Aviad Kleinberg

Aviad Kleinberg:
Die sieben Todsünden,
Insel 2010,
239 Seiten
Die Sünde ist verlockend und abscheulich zugleich, die Möglichkeit zur Sünde macht den Menschen zum Menschen, und der Mensch macht die Sünde. Der Autor beschreibt in diesem Essay, wie die Vorstellung von Sünde die Geschichte und unseren Alltag bis heute prägt.

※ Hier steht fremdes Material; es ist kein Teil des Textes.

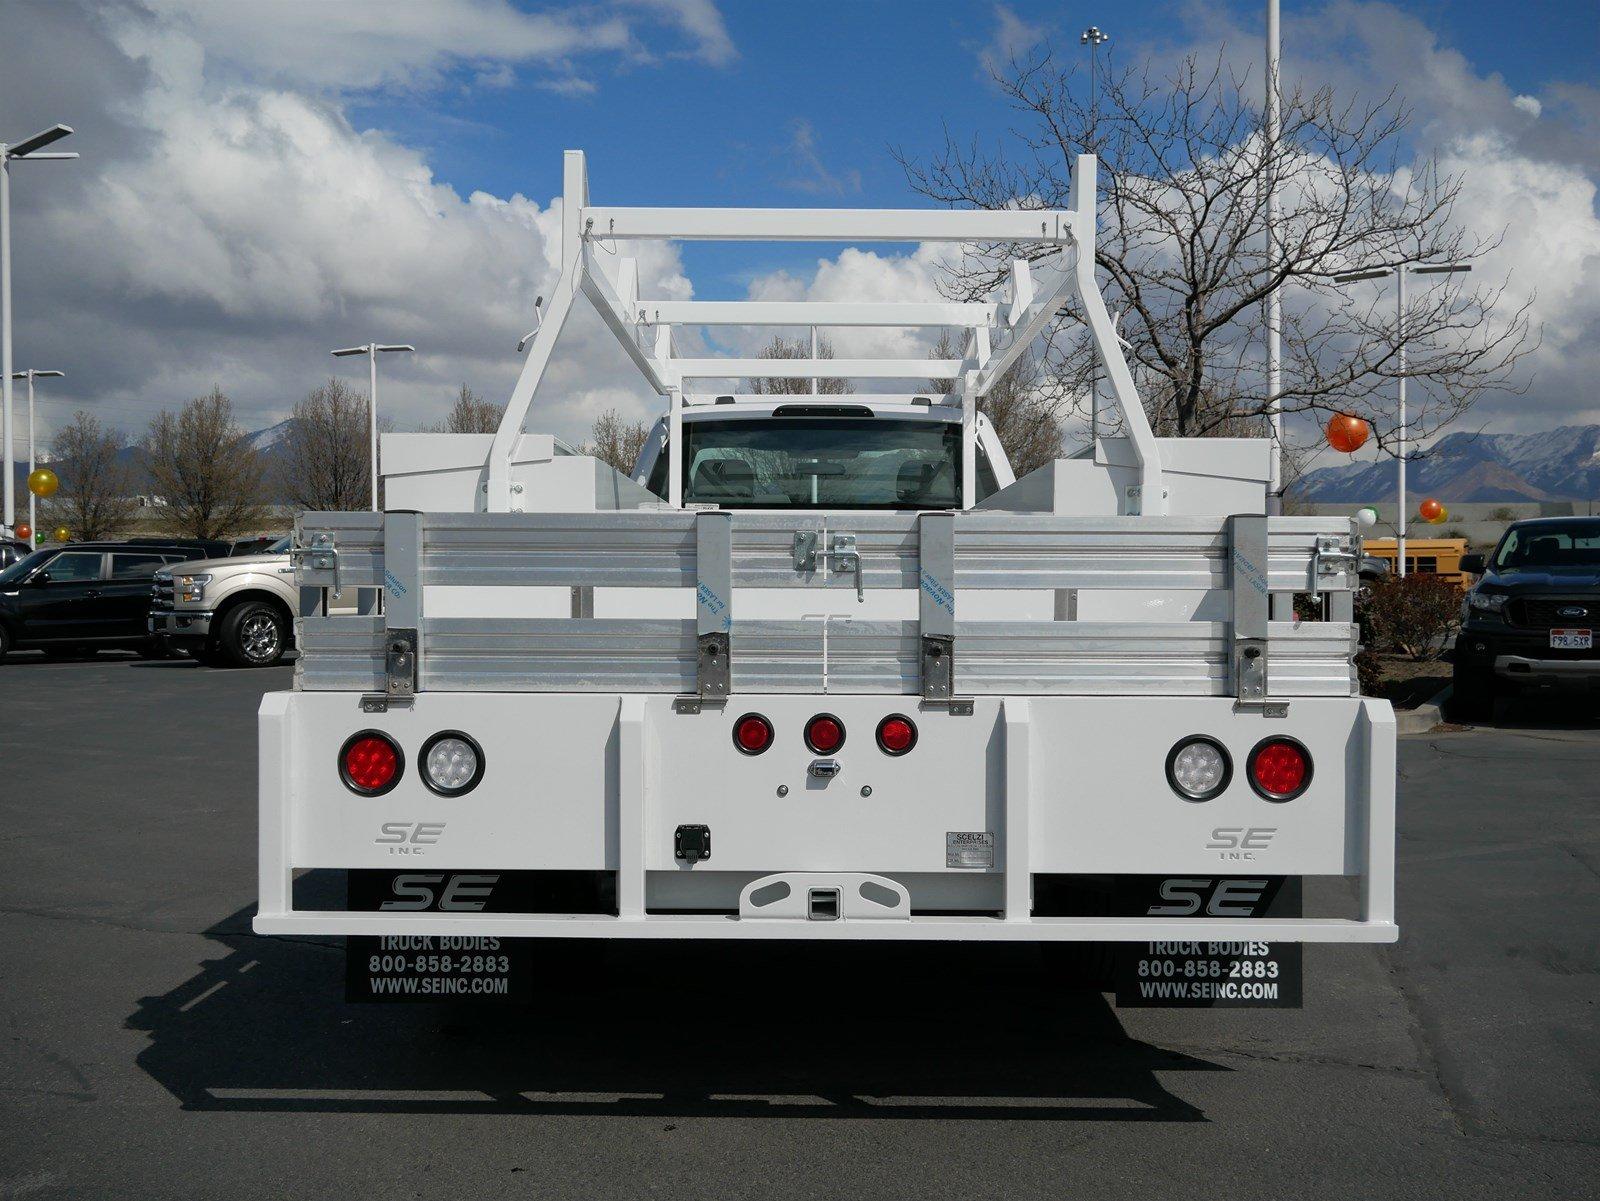 2020 F-550 Regular Cab DRW 4x4, Scelzi SEC Combo Body #63081 - photo 5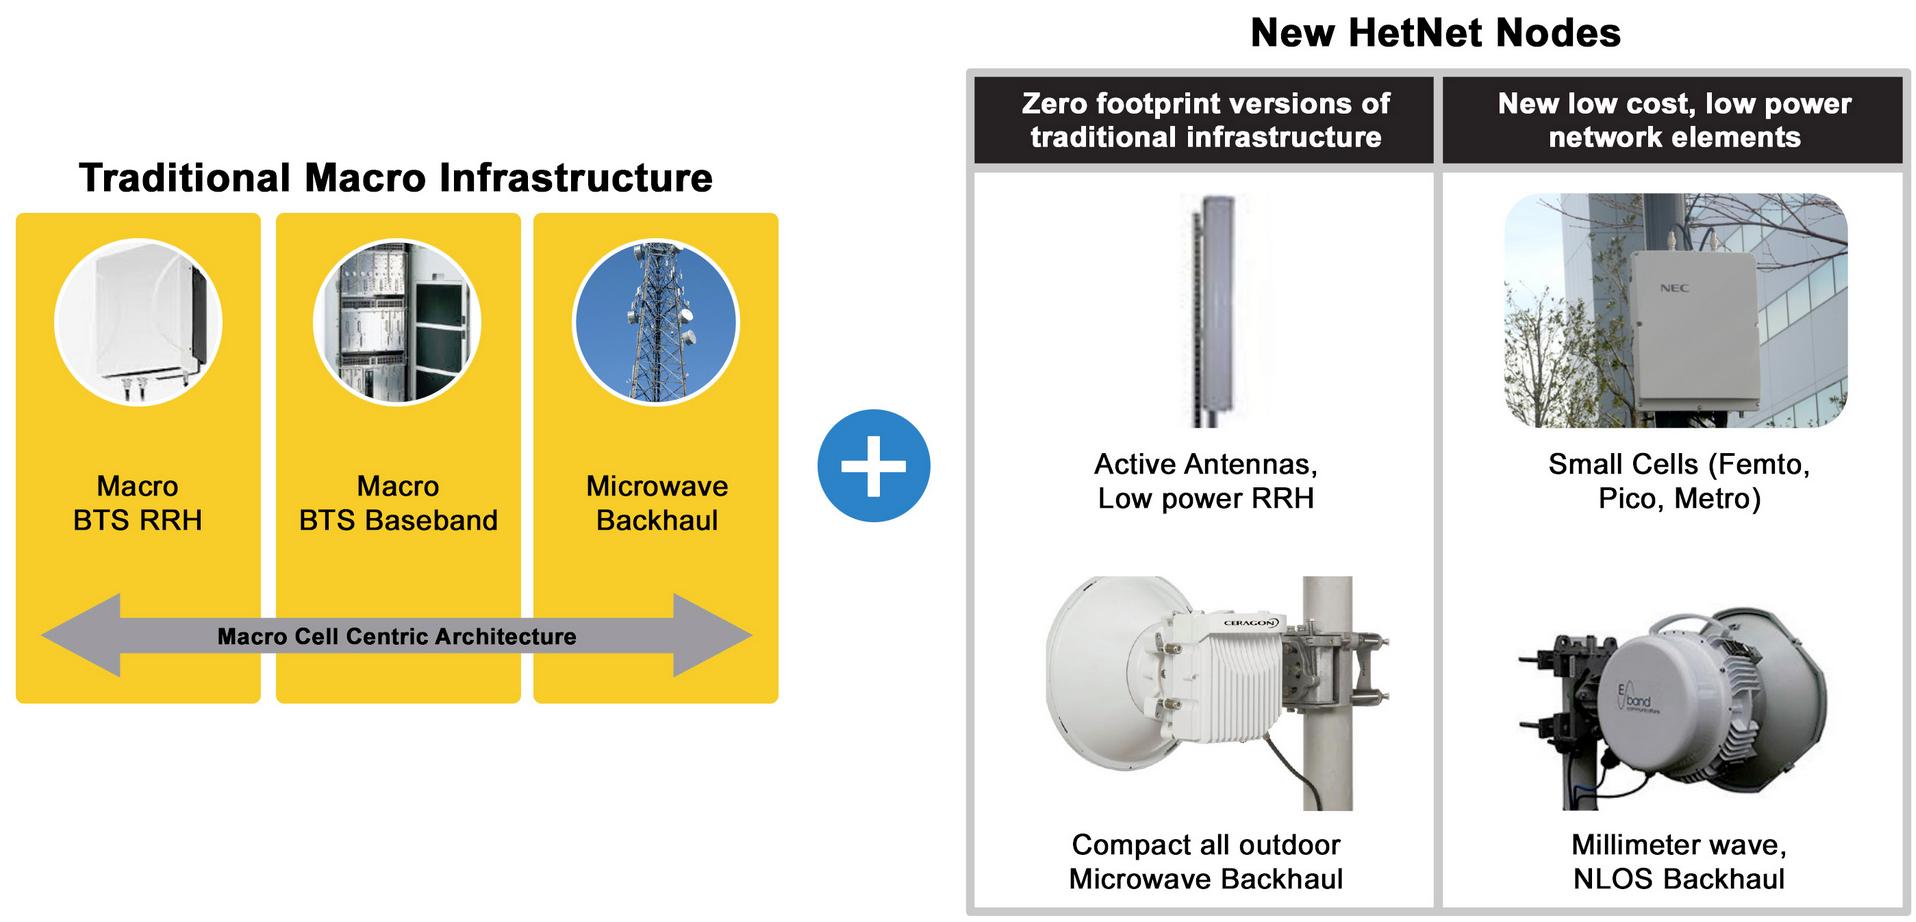 Evaluating Serdes In Fpgas Block Diagram Of The Physical Coding Sublayer Pcs Ip Core Figure 1 Todays Evolving Wireless Heterogeneous Networks Hetnets Combine Zero Footprint Versions

„Wenn du recht tust, darfst du aufblicken, wenn du nicht recht tust, lauert die Sünde an der Tür“, so wird Kain von Gott gewarnt. Was gut und böse, was Sünde ist, wird von den Menschen immer wieder neu verhandelt, ohne über den Kern der Sache hinaus zu kommen In den ersten Jahrhunderten nach Christus erklärte die Kirche Faulheit, Neid, Wollust, Völlerei, Habgier, Zorn und Hochmut zu den sieben Todsünden. Der Autor nähert sich dieser Aufstellung, welche die europäische Kultur tief beeinflusste, auf unterhaltsame und gelehrte Art. Er zitiert dabei Kirchenväter, Rabbiner sowie die antiken Klassiker und fügt der vorläufigen Liste noch eine achte Sünde hinzu.
In jedem Kapitel wird die Vergangenheit der Sünde mit unserem gegenwärtigen Umgang verknüpft. Das Buch Die sieben Todsünden ist eine Kulturgeschichte der Sünde, das heißt, dessen, was uns menschlich macht.

Ein Buch für solche Leser, welche den großen Zusammenhang suchen und dabei auch Humor nicht vermissen wollen...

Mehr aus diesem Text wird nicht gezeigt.